Lupa menaruh barang merupakan hal yang wajar. Tapi jika hal ini terjadi sangat sering dan terus berulang, bisa jadi B’timer mengidap Alzheimer. Parahnya, belum lama ini ditemukan kasus Alzheimer yang terjadi pada anak-anak.

Sebelum membahas ebih dalam tentang hal tersebut, ada baiknya kita kenalan dulu yuk, dengan Alzheimer! Tahukah B’timers kalau Alzheimer ini merupakan nama seorang dokter yang pertama kali menemukan penyakit Alzheimer? Pada tahun 1906, seorang dokter berkebangsaan Jerman bernama Dr. Alois Alzheimer menemukan ketidaknormalan dalam jaringan otak seorang wanita. Dr. Alzheimer menemukan gumpalan plak amyloid yang menyebabkan memori dalam otak menghilang, dan menyebabkan otak tidak bisa membaca bahasa serta emosi.

Beberapa indikasi seseorang terserang Alzheimer adalah mengalami kesulitan mengingat, bingung membaca peta, kepekaan organ penciuman berkurang, dan sering mengajukan pertanyaan yang sama secara berulang.

Sering menanyakan hal yang sama, merupakan salah satu gejala Alzheimer
Sering menanyakan hal yang sama, merupakan salah satu gejala Alzheimer

Pada umumnya, mereka yang mengidap penyakit ini adalah orang-orang berusia 65 tahun ke atas. Banyak faktor yang menjadi pemicu Alzheimer, beberapa di antaranya keturunan, kolesterol tinggi, tingkat folat rendah, dan usia yang sudah melebihi 40 tahun.

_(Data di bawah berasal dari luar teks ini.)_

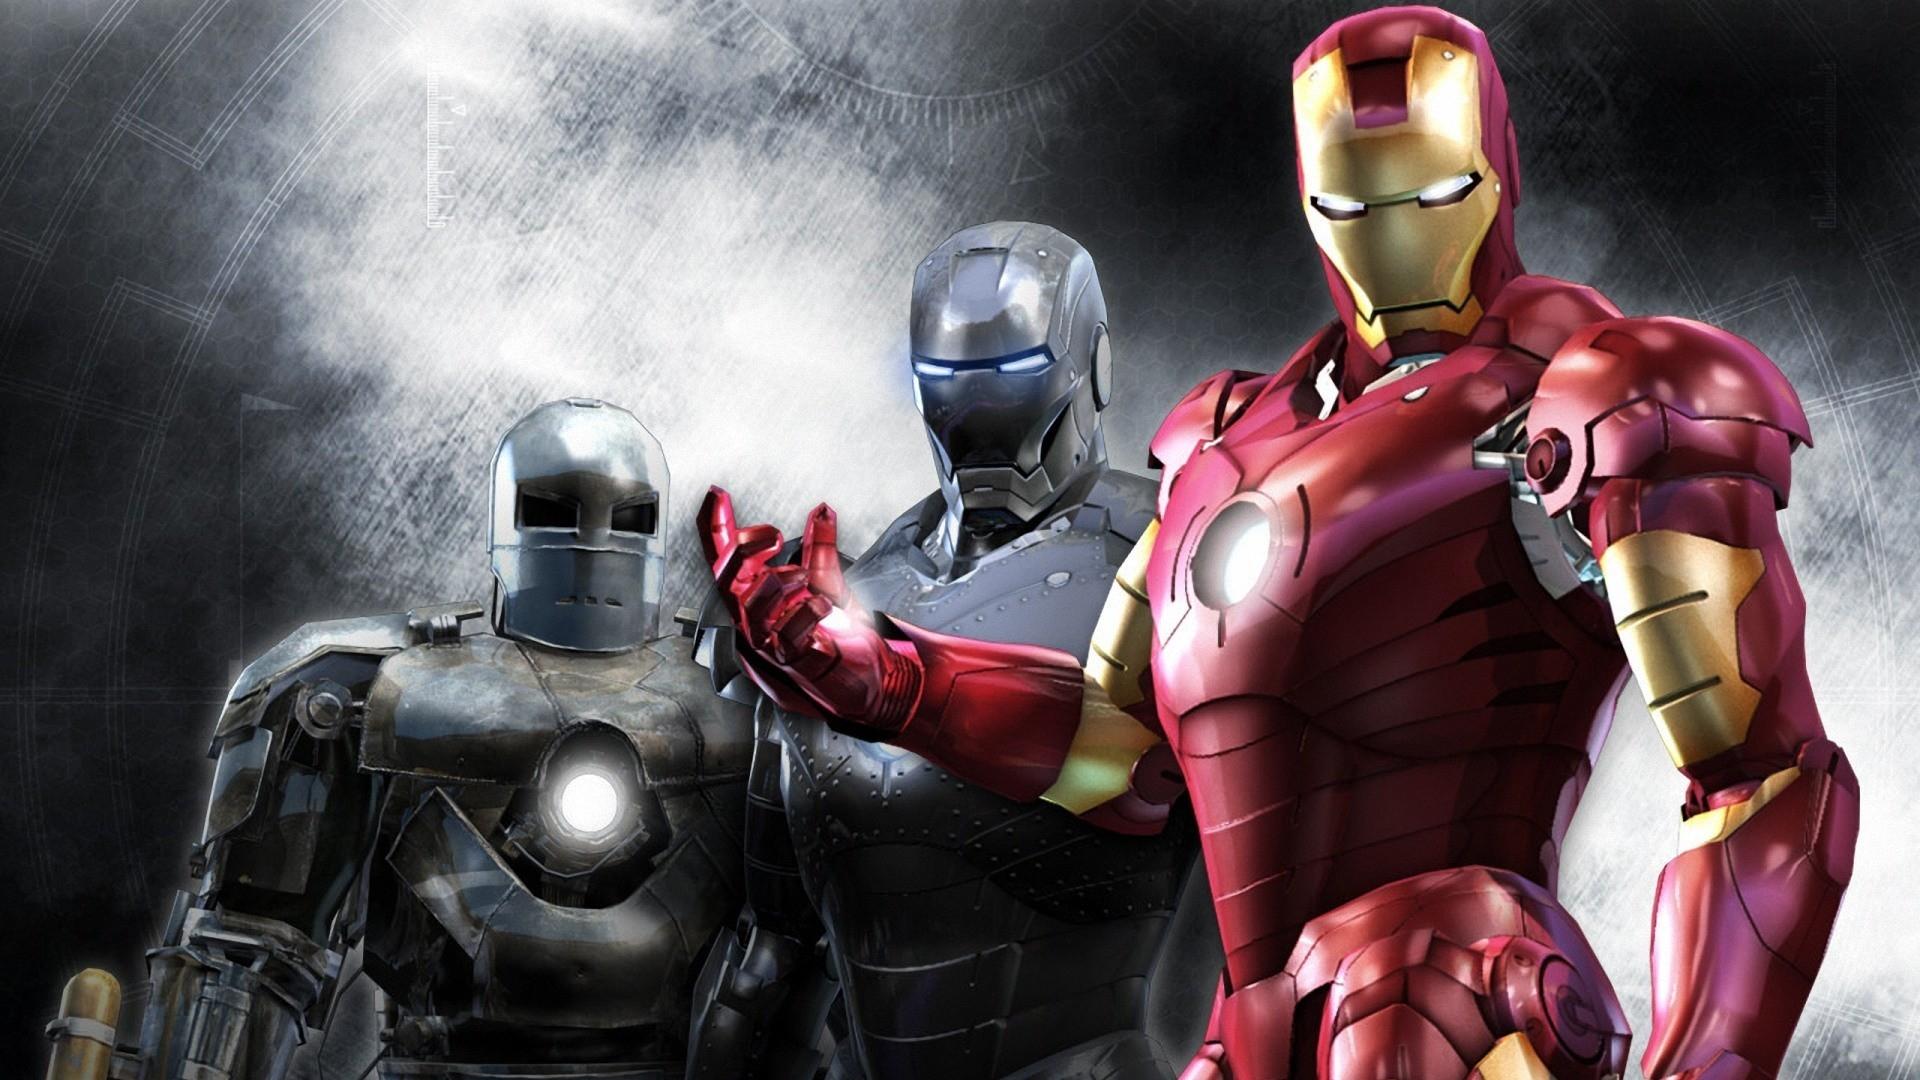 best images about Iron Man on Pinterest Armors Iron man

Tapi, ada kabar mengejutkan. Pernah ditemukan kasus Alzheimer yang terjadi pada kembar identik berusia 4 tahun bernama Addison dan Cassidy Hempel. Layaknya anak-anak biasa, mereka menjalani kehidupan yang normal, pergi sekolah, bermain di rumah, dan juga gemar beraktivitas di luar ruangan.

Namun, mereka ternyata menderita Alzheimer jenis Niemann-Pick Disease Type C (NPC) yang akan menyebabkan penderitanya kehilangan memori dan kemampuan motoriknya. Dan diprediksi, mereka tidak akan bisa tumbuh sampai remaja.

Nah, salah satu cara yang bisa digunakan untuk menghindari Alzheimer adalah dengan memperhatikan keseimbangan asupan nutrisi dan juga tetap aktif berkegiatan meski sudah lanjut usia.